# ayuda con transmisor FM



## ericw (Dic 22, 2006)

Hola, estoy armando un transmisor de http://www.electronics-lab.com/projects/rf/001/index.html
y me surgieron algunas dudas.

El 2n3553 no lo consigo puedo utilizar el 2n4427?

Puedo alimentarlo con una fuente de pc?

Estas dudas me surgieron cuando al armarlo, no logro un alcanze de mas de 20 metros (4W???), la calidad de sonido que consigo es mala.  

a los vk200 los arme yo, 1 vuelta entera a lo largo de un tubo de ferrita (1 cm de largo) de alambre de 1mm.

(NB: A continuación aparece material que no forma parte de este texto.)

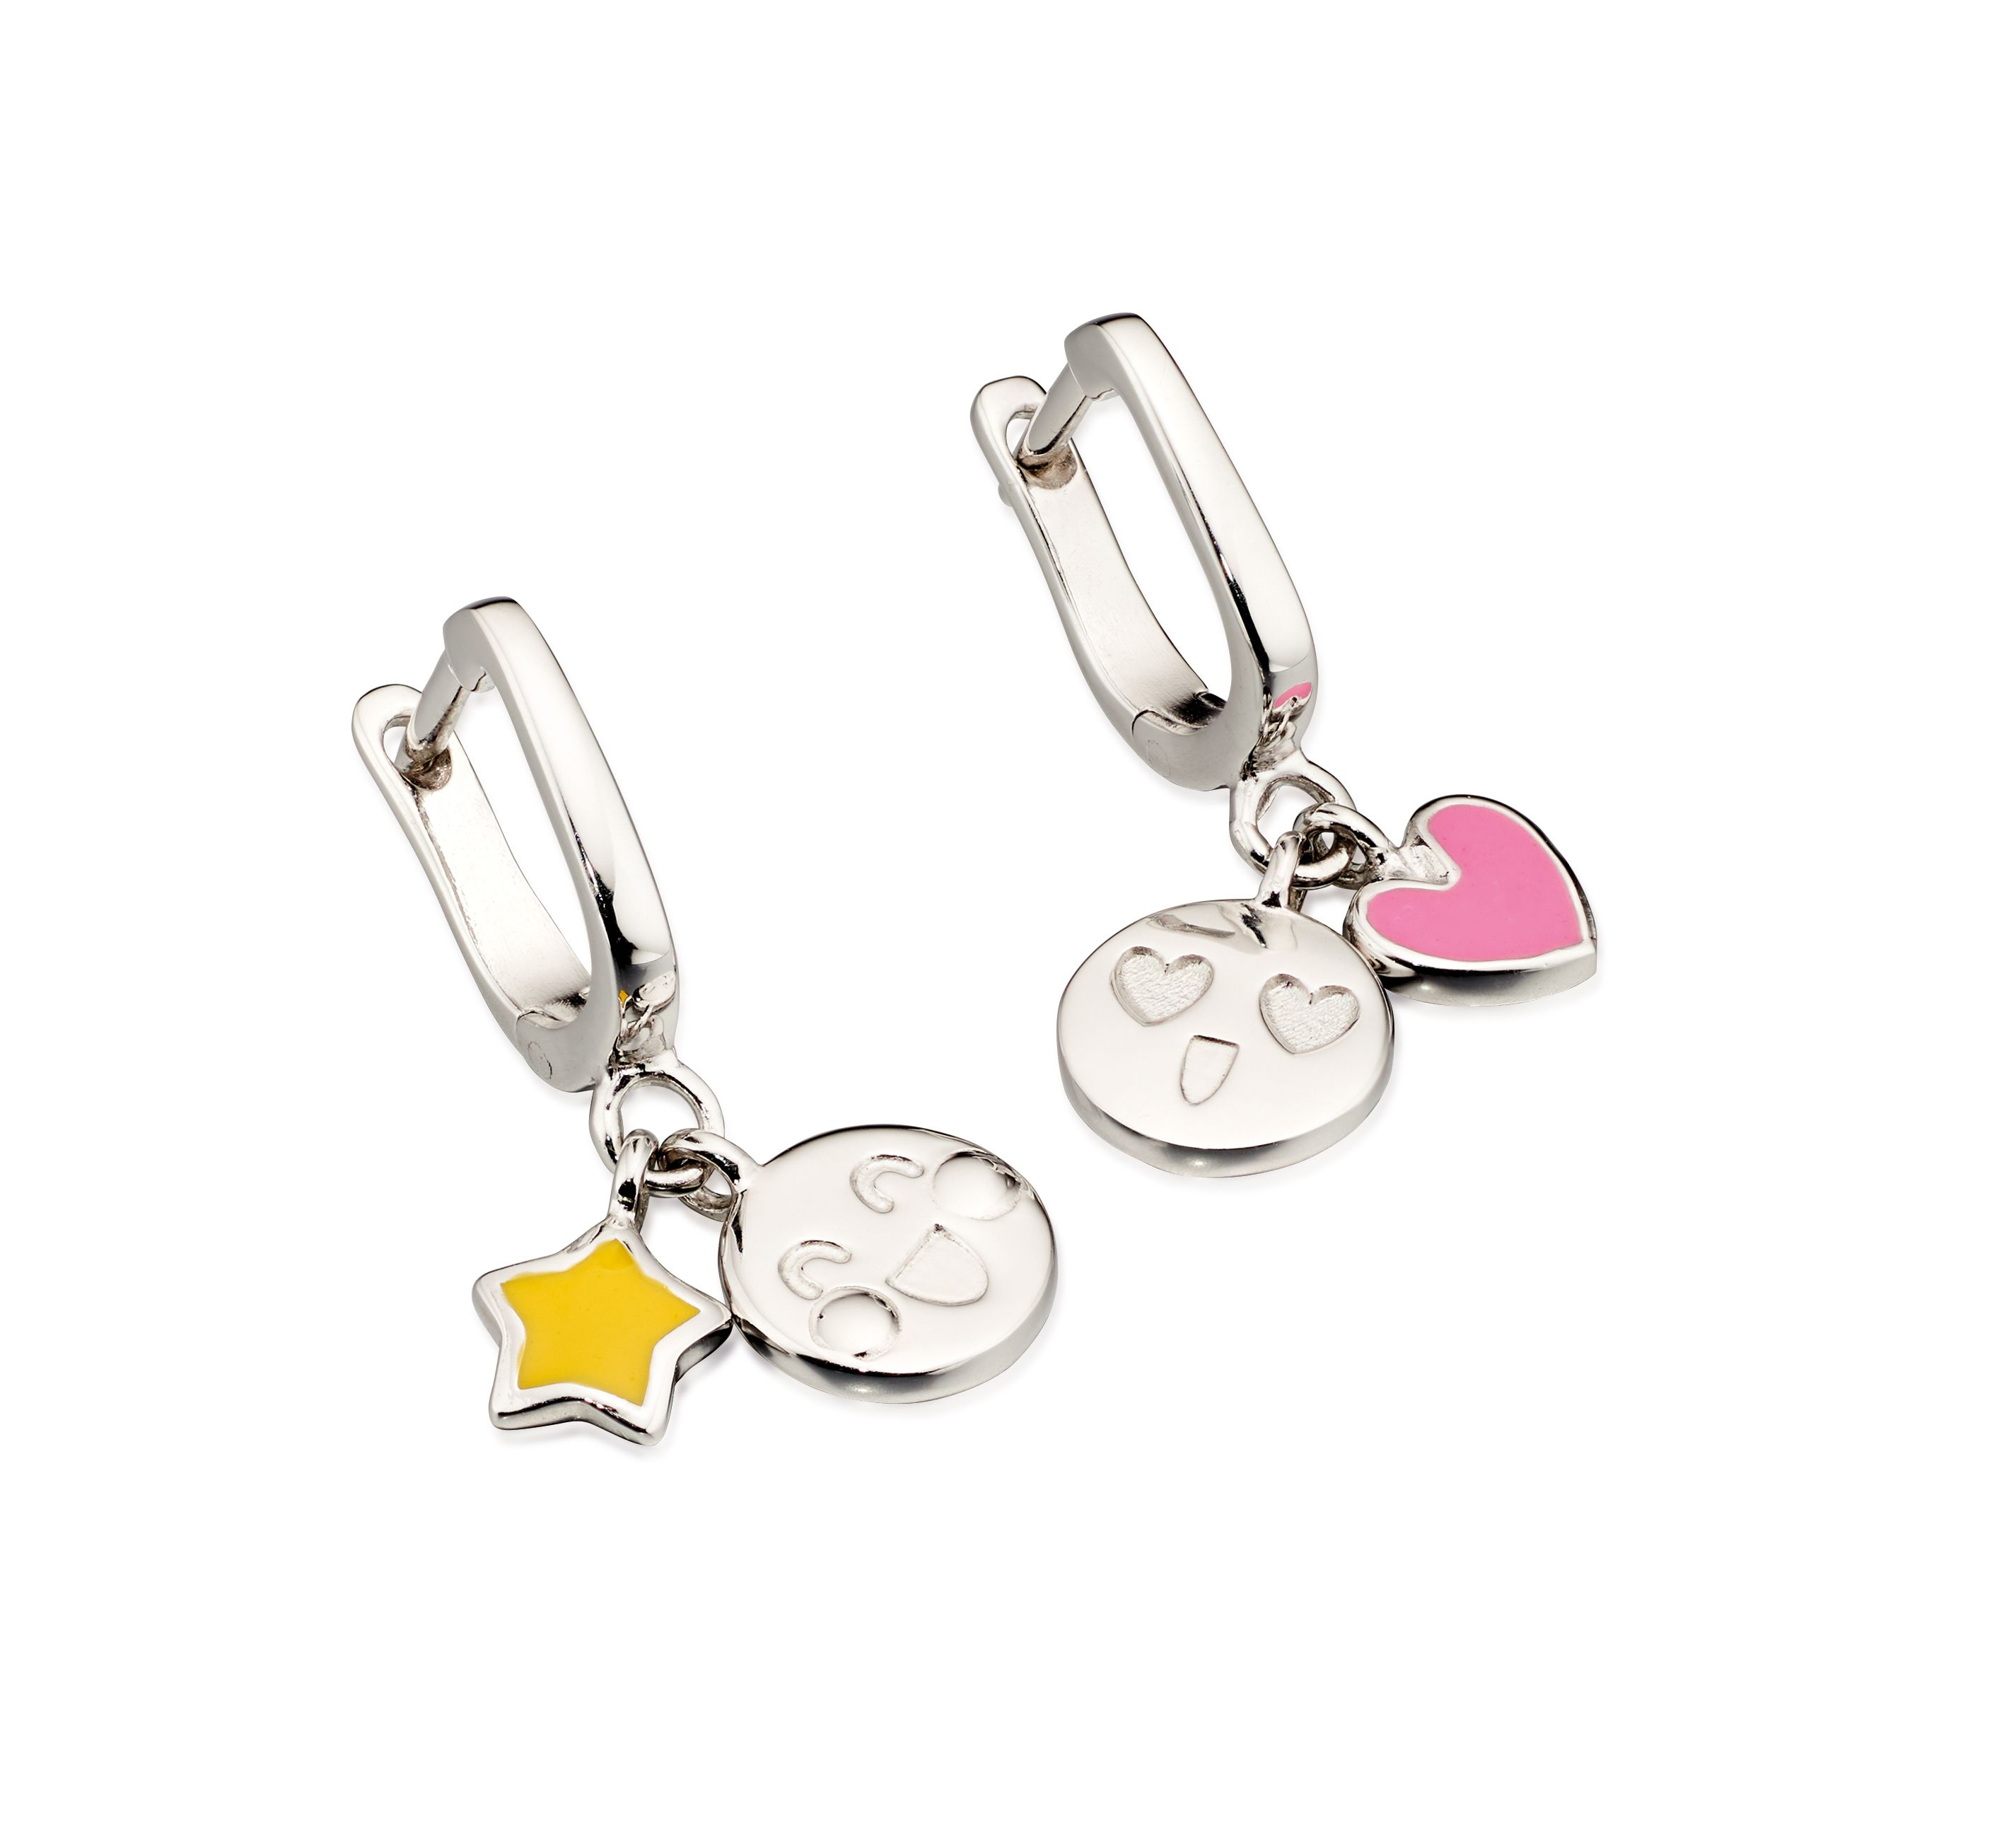 D for Diamond Childrens 925 Sterling Silver Pink & Yellow Enamel Emoticon Emoji Charm Hoop Earrings
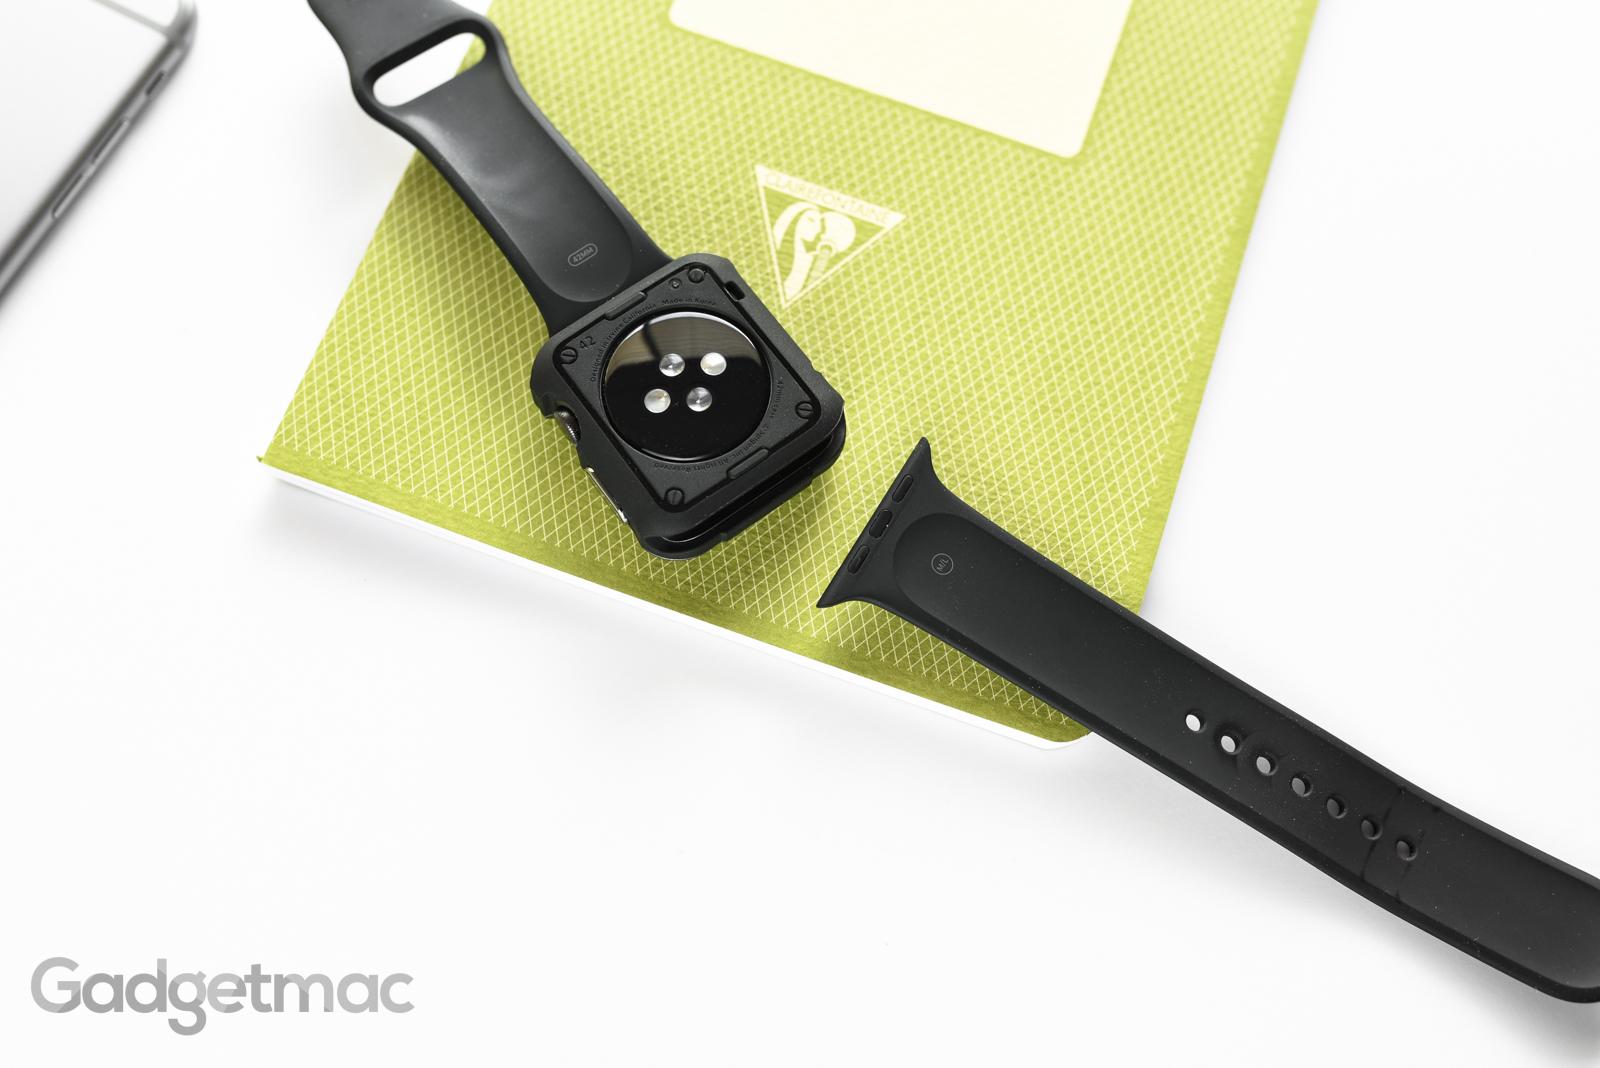 spigen-apple-watch-tough-armor-case-with-built-in-screen-protector-back.jpg

Estaria muy agradecido al que despeje estas dudas o tenga algo para informaciónrmarme.


----------



## electro-gen (Dic 26, 2006)

Evidentemente 4w no alcanzan solamente 20 metros, al construir un transmisor hay que tener en cuenta muchos parametros, como blindaje, polarizaciones, yo he construido varios, y puedo decirte que rara vez utilizando un esquema sale todo bien, generalmente hay que retocar las polarizaciones de base de los transistores, mi consejo es que cambies R1 y R3 por potenciometros algo mayores que los valores que dice el esquema y con mucha paciencia y modulando con un tono fijo el transmisor busques la mejor eficiencia mayor potencia, trambien debes recordar, que los circuitos tanque L1-c15 y la etapa final deben estar perfectamente sintonizados por que de lo contrario tendras una perdida importante de p[otencia, en cuanto al transistor, debes buscar en un catalogo sus caracteristicas, y revisar voltaje, corriente, potencia, y sobre todo frecuencia asi como la beta de trabajo, de ser bien cercanos puedes utilizarlo.


----------



## ericw (Dic 26, 2006)

Gracias, probare con lo que me dices. Les comento que construi una carga fantasma y mido  
maximo 2,5 V en la salida.


----------



## ericw (Dic 27, 2006)

2N3553:      PO2.5W PI0.25W 30-200MHZ  28V

me dieron este reemplazo:

2N4427:      PO1W    PI0.1W      175MHZ     12V

es correcto para este circuito?

Saludos!


----------